Use this option to clear the Memory Map of segments you are not
examining. You can also use this option to find all segments of a
particular type (by hiding every other segment).
- Expand (or collapse) status
To collapse (or expand) the display of segment types contained
within all segment types, all segment types in a particular view,
or individual segment types, toggle the Expand button to the
Collapse (or Expand) setting and click MB1. (Alternatively, you
can choose the appropriate menu item from the Expand pop-up menu.)
Then, click the Apply button to apply your change.
Use this option to clear the Memory Map of nested segments you are
not examining. Depending on your application, heap analyzer
performance may also improve.
- Save (or remove) status
To destroy (or save) information on all segment types, all segment
types in a particular view, or individual segment types, toggle the
Save button to the Remove (or Save) setting and click MB1.
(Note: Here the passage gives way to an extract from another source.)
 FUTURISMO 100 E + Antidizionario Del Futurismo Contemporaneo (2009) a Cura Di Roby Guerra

(Alternatively, you can choose the appropriate menu item from the
Save pop-up menu.) Then, click the Apply button to apply your
change.
Use this option to clear the Memory Map completely, and then resume
Memory Map display.
To cancel a choice, click the Reset button, or choose the Reset menu
item from the Show, Expand, or Save pop-up menus.
215 – ha_window_exit
To exit the heap analyzer, choose the Exit item from the File menu on the heap analyzer screen.
216 – ha_on_version_hlp
The heap analyzer is a feature of the OpenVMS Debugger Software Version: OpenVMS Debugger Version 8.2 © 2005 Hewlett-Packard Development Company, L.P. All rights reserved. For more information about the heap analyzer, double click on 'Using the Heap Analyzer' from the list of Additional Topics below.
217 – ha_on_help_hlp
Two kinds of online help about the debugger and debugging are available
during a debugging session:
Context-sensitive help, which is information about an area or
object in a window or dialog box
- Task-oriented help, which consists of an introductory help topic
named 'Using the Heap Analyzer' and several subtopics on specific
debugging tasks
Related context-sensitive and task-oriented topics are connected
through the list of Additional Topics in the Help windows.
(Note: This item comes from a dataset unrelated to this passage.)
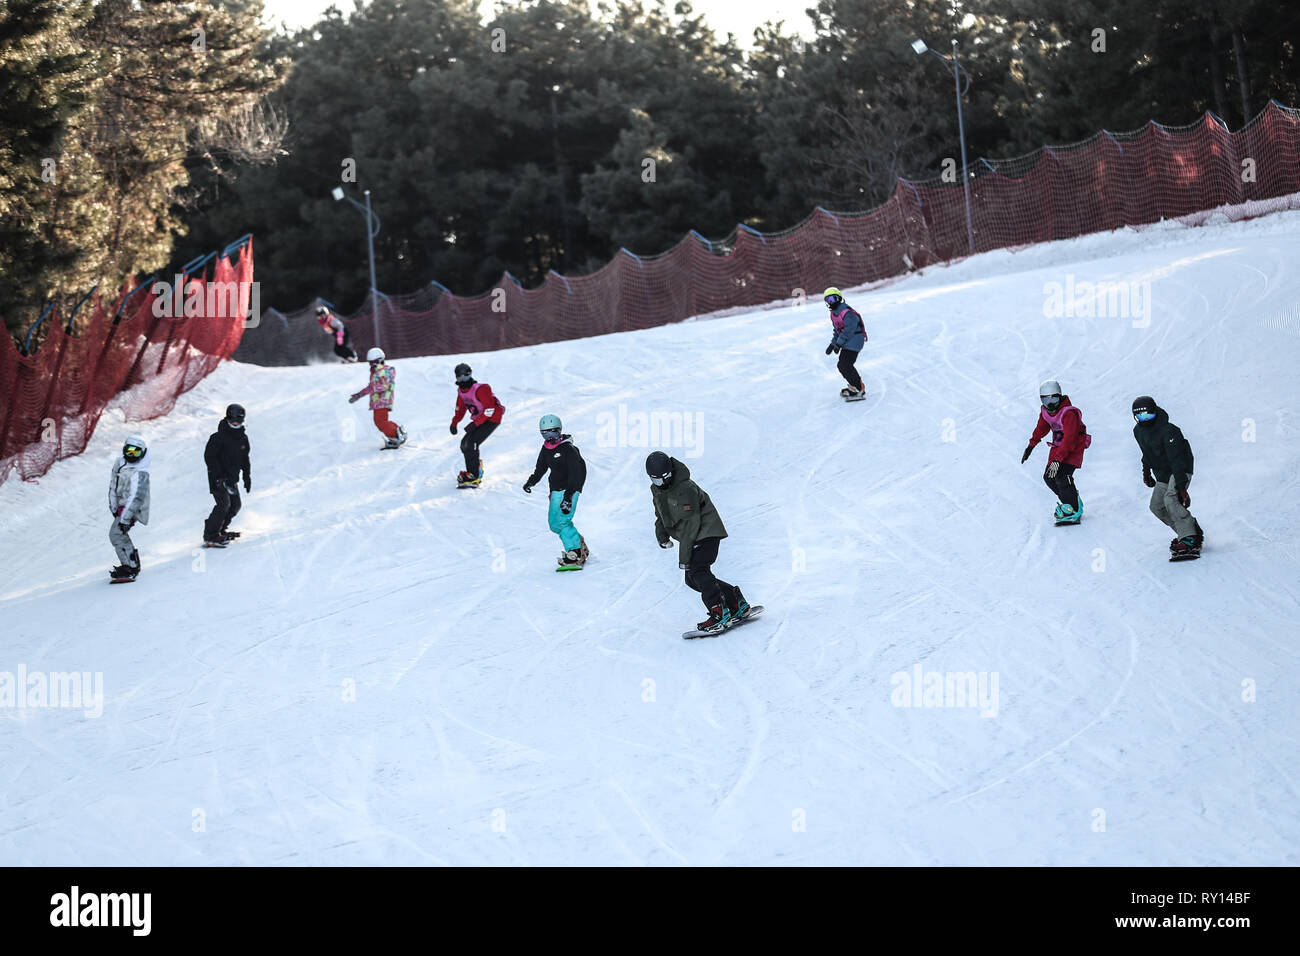 (190311) - SHENYANG, März 11, 2019 (Xinhua) - Kinder Praxis Skifahren während einer Schulung in Shenyang Sport Universität, in Shenyang im Nordosten der chinesischen Provinz Liaoning, am 23.01.2019. Es gibt rund 30 Kinder von 8 bis 16 Jahren studieren snowboard Halfpipe in Shenyang Sport Universität. Einige von ihnen wollen, professionelle Athleten zu werden, und einige von ihnen einfach nur einen Eindruck von diesem Sport zu haben. In Peking 2022 winter spiele in der Nähe von Drew, mehr und mehr Menschen in China, darunter junge Studenten, begann zu lernen und in Eis und Schnee Sport teilnehmen. (Xinhua / Pan Yulong) Stockfoto

218 – ha_context_sensitive_help
Context-sensitive help is information about an area or object in a
window or a dialog box.
To display context-sensitive help:
1. Choose On Context from the Help menu in the heap analyzer screen.
The pointer shape changes to a question mark (?).
2. Place the question mark on an object or area in a heap analyzer
window or dialog box.
3. Click on MB1. Help for that area or object is displayed in a Help
window. Additional Topics provide task-oriented discussions, where
applicable.
To display context-sensitive help for a dialog box, you can also click
on the Help button in the dialog box.